Unbeknownst to myself and my coworkers, my hospital is apparently running a special for those prospective patients with very bad hygiene.
Bad Hygiene Week: Act Now and Get a Free Bar of Dial Soap!
This weekend has been one of those weekends, last night especially, where you just come home, strip down to your birthday suit once you get inside, and make a mad sprint to the shower. It was that disgusting.
At the beginning of the shift, I thought that maybe I could stop by the store on my way home and pick up some stuff so I can make a fabulous dinner. By morning, the idea of me even standing in a produce section didn't sound like a well-thought out plan. I could inadvertantly expose the Northland to some bacteria that hitched a ride on my scrub jacket. Some bacteria that hasn't even been identified by modern science. No one wants to be responsible for spreading Captain Tripps, causing the extinction of every man, woman and child in Kansas City, so I just came straight home.

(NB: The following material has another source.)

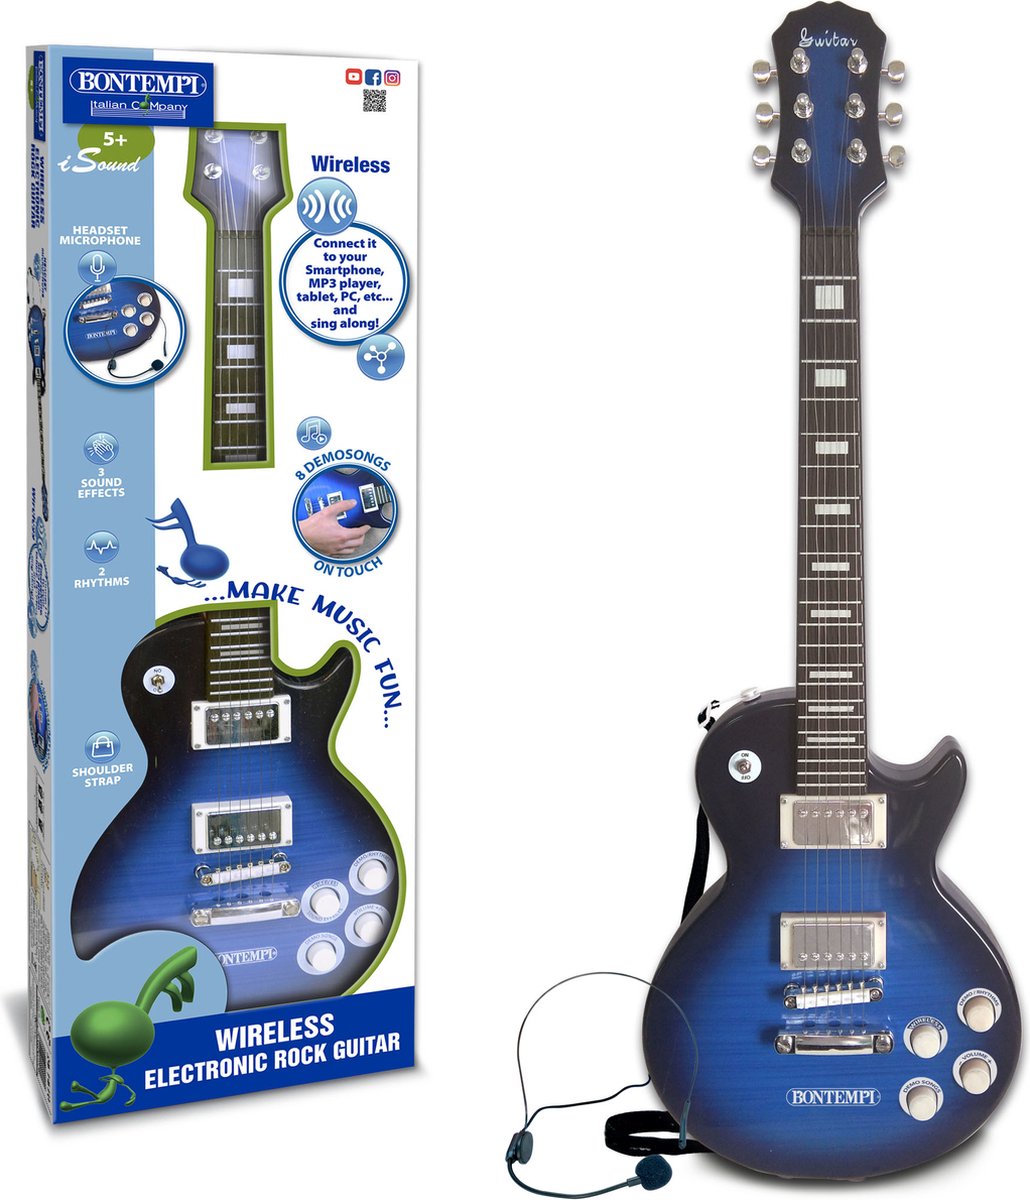 Bontempi Electronic Rock Guitar with Wireless connection | bol.com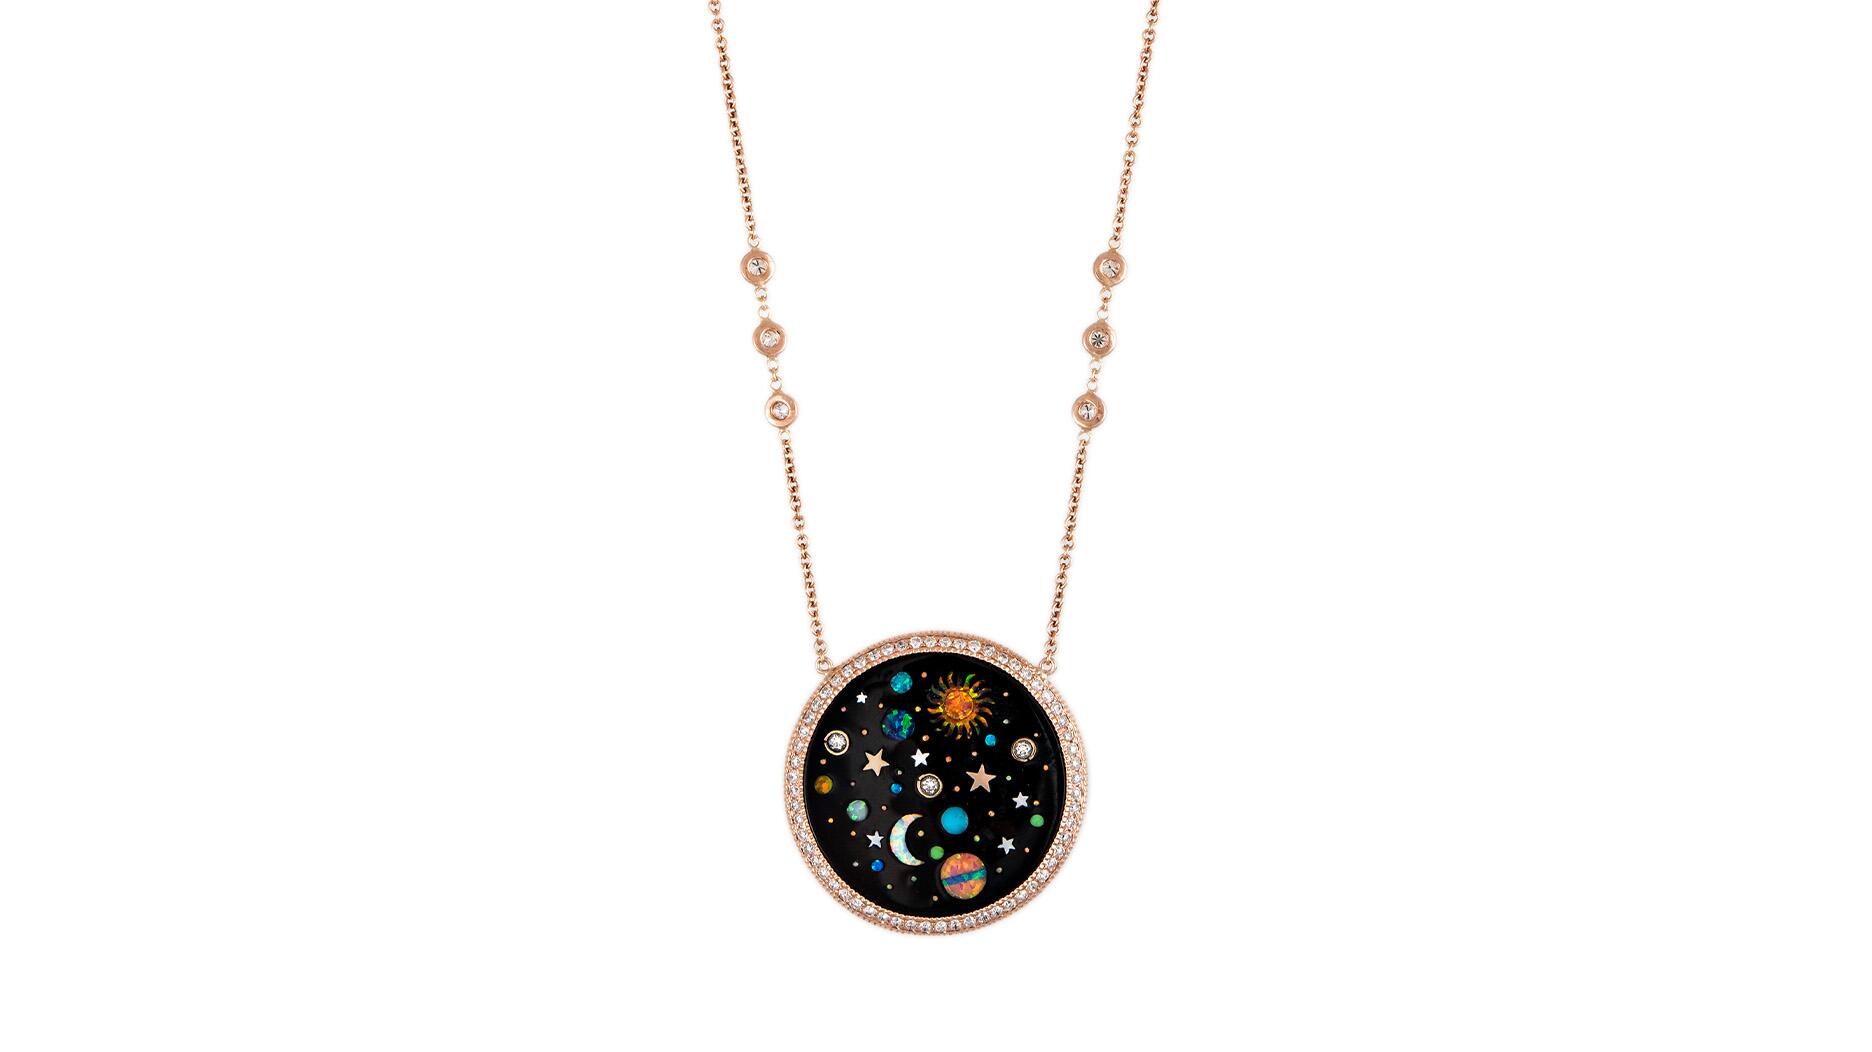 Jacquie Aiche’s Starry Galaxy Inlay Necklace

We will be going out tonight for dinner.
It never fails to amaze me how gross people can be. Last night, one of my patients chucked his urinal onto the floor...after he had filled it. Piss was everywhere! I stood there in the doorway, surveying the damage, making a mental note to clean my shoes after I left the room.
Me: Why did you do that?
Gross Patient #1: I was finished with it.
Me: You could have called.
Gross Patient #1: (shrugging his shoulders) I want a cup of coffee.
At least I wasn't alone, all the other nurses had their lion's share of nastiness to behold. Just a few doors down from Piss Thrower, was the Grunter. He would perch himself on a commode at least 2-3 times an hour, grunting and straining so hard, you could hear him down the hall. I was certain he was going to blow out his O-ring before the night was through. What made this more noteworthy was that he would call friends and family, while he was sitting on his throne.
Gross Patient #2: Yeah, I was going to go uuuunnnngggghhhhhh and visit him, but I had to come here aaaarrrrrggggghhhhh instead.
Meanwhile, Gross Patient #3 is bored and has resorted to picking his boogers and flicking them across the room. Thankfully, I didn't have to go into his room for anything.
They come in with their horrible smell, and no matter how many baths they get, no matter how much soap, shaving cream, toothpaste, deodorant, powder and anything else we can get our hands on, the person will still stink to high heaven after we are finished. It's almost like someone took a big crap in their mouth and forgot to flush.
After nights like this, though, I am eternally grateful I don't work in OB. Women with bad hygiene often translate into lethal smelling girly parts that would send even the most seasoned nurse into early retirement.